Maeve got bit that time, that first time we went out to the mainland.
Nearly exactly three years after Mam died, so it was. I’m not sure she’d have wanted to linger longer, even for me.
We’ve been walking for a few hours inland, Maeve and me, when Maeve says to stop and show her where we are exactly. I open up the map, and she hunkers down on the ground and shields her eyes from the glare of the sun. I’ve one thick, dirty finger on the old paper, tracing the blue of the road. The big blue lines are still okay to trust, Maeve says. She’s different now, off-island, more awake, brighter in herself.
I stop and look around us again. Mostly the land is like on Slanbeg: green and brown and flat, cowering underneath the sky above it.
“Show me where we are,” Maeve tells me, and I crouch beside her in the dust.
It’s an old map, Maeve has explained to me before, and I know things won’t match up exactly. The smaller roads anyway have mostly been swallowed up by the woods, and maybe even the courses of rivers have changed, but I know where home is. I know the straight high road that goes all the way east.
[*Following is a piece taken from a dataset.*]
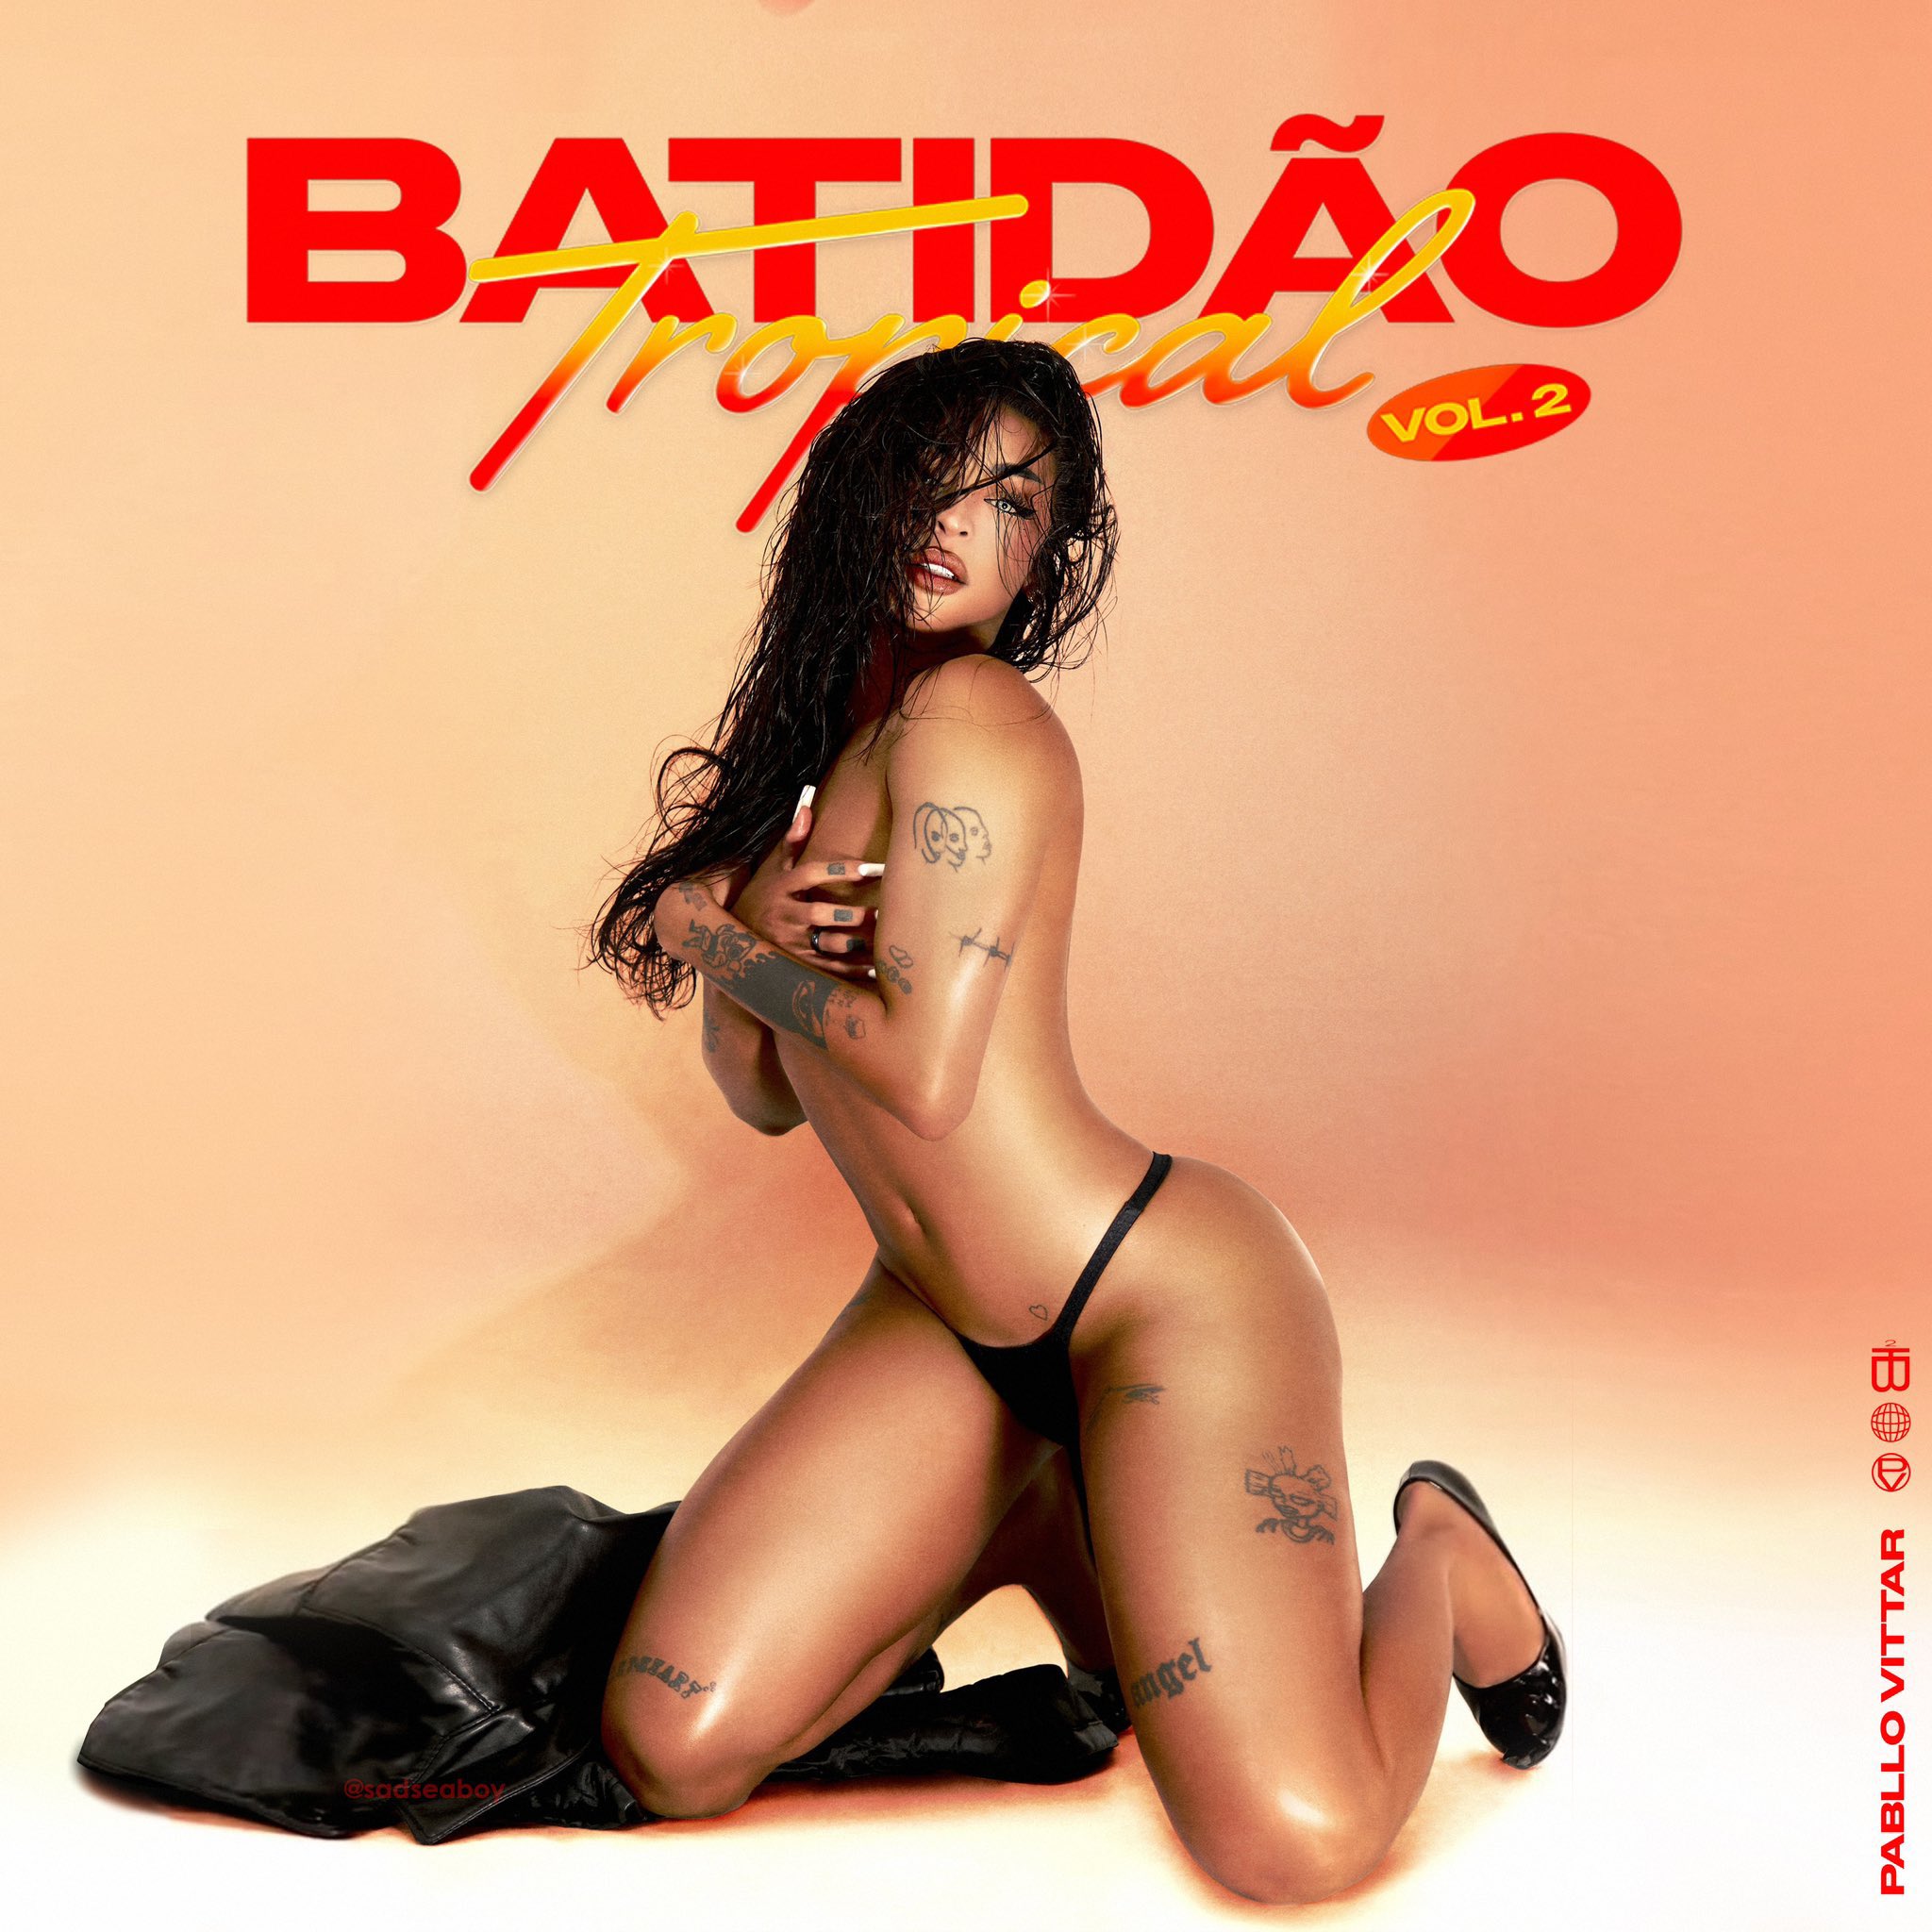 Pabllo Vittar Batidão Tropical, Vol. 2 cover artwork

I try to guess how far we’d have come along the road. Beside me, Maeve has stood to stare about us real obvious to let me know that this is serious and that I should be doing the same thing when I’m not looking at the map. She crouches again to look at the point I’d put my finger on, a spot nearly in the middle of Ireland, and I take my turn to throw my eyes around at the barren landscape. Doing it even more obviously. To poke fun, but to show her I’m on it as well, I’m ready.
“No,” Maeve says, “look again.”
It turns out that we’ve walked about a quarter of what I thought. At this rate, it would take four or five days to get to the east coast, and that’s if the map is mostly right. Not that Maeve would ever let us head east, I’d guess. That’s where Phoenix City is, off in that direction, somewhere toward or near Dublin. Only Maeve knows now.
“Think now about where to aim for tonight, where we’ll make camp.”
I don’t want her to think things are fixed just because she’s talking, just because we’re here now, though if I was asked why I was so angry with her still, I don’t know could I say.
I want to go east just so we can walk that road a little, and nearly point at a town some distance down the blue line in front of us, but in the end I put my hands behind my back and stare her out.
Maeve maybe doesn’t notice or maybe doesn’t care. She shakes her head beside me. “Too many places to hide in a town, too hard to keep an eye out for ourselves. Beware tall buildings,” and I stiffen up in annoyance because I’ve heard her say it a million times, but on she goes. “They’re liable to falling down. We’re headed south.” She’s murmuring to herself, her words, now they’re coming, tumbling out of her. Her voice is scratchy. “We’ll have to get through the town to stay on this road, and this road is the right one for meeting up with the bigger road. That’ll take us … here. We don’t want to be going through the village just when it’s getting dark.”
She gives a little nod at last. “Let’s camp here,” and she points to a stretch of blue beside a bend in the river. I can see how it’s a good place. If we’re lucky, we’ll be able to get off the road and get fresh water.
“Move out.”
I concentrate on keeping up, keeping my eyes on the road and trying not to get distracted by the changing landscape around us.
Maeve walks with purpose. She leans heavily on her stick, but her strides are strong. She is light on her feet, tense and quiet. There’s power in her yet.
I try to be quiet and vigilant. I try to be like Maeve even while I’m raging at her.
We stop to eat when the sun’s at its highest and hottest, taking shelter in the long shadows of a rough patch of ramshackle houses. It’s so good to sit, to flex my arms and to look at things that I have never seen before.
We each eat a potato and I eat two eggs, and I am about as close to full as I get. I watch carefully to make sure Maeve eats her share. She’s had a cough, and I can hear her wheeze. She hasn’t shaken off the winter yet. We make ourselves comfortable and well hidden under some trees, and I doze in the warmth.
After lunch, the sun is on our backs, and for a while the going feels easier. Once, late in the afternoon, I don’t pay enough attention and trip over my own feet, going flying, skinning my knees. Maeve stops and turns to watch me pick myself up, and after that we stop more often for water and to eat a little and to sit. I am young and strong; I can feel the strength in myself, waiting to be proven. And Maeve is old now, and a small bit sick, and still and all, it is she who slows herself to wait for me.
That’s what I remember most about all of that. The brief period I was happy, in between my mother dying and Maeve dying. A few hours on the mainland when I felt safe, when I felt like we had escaped something, and knew we were a family despite everything.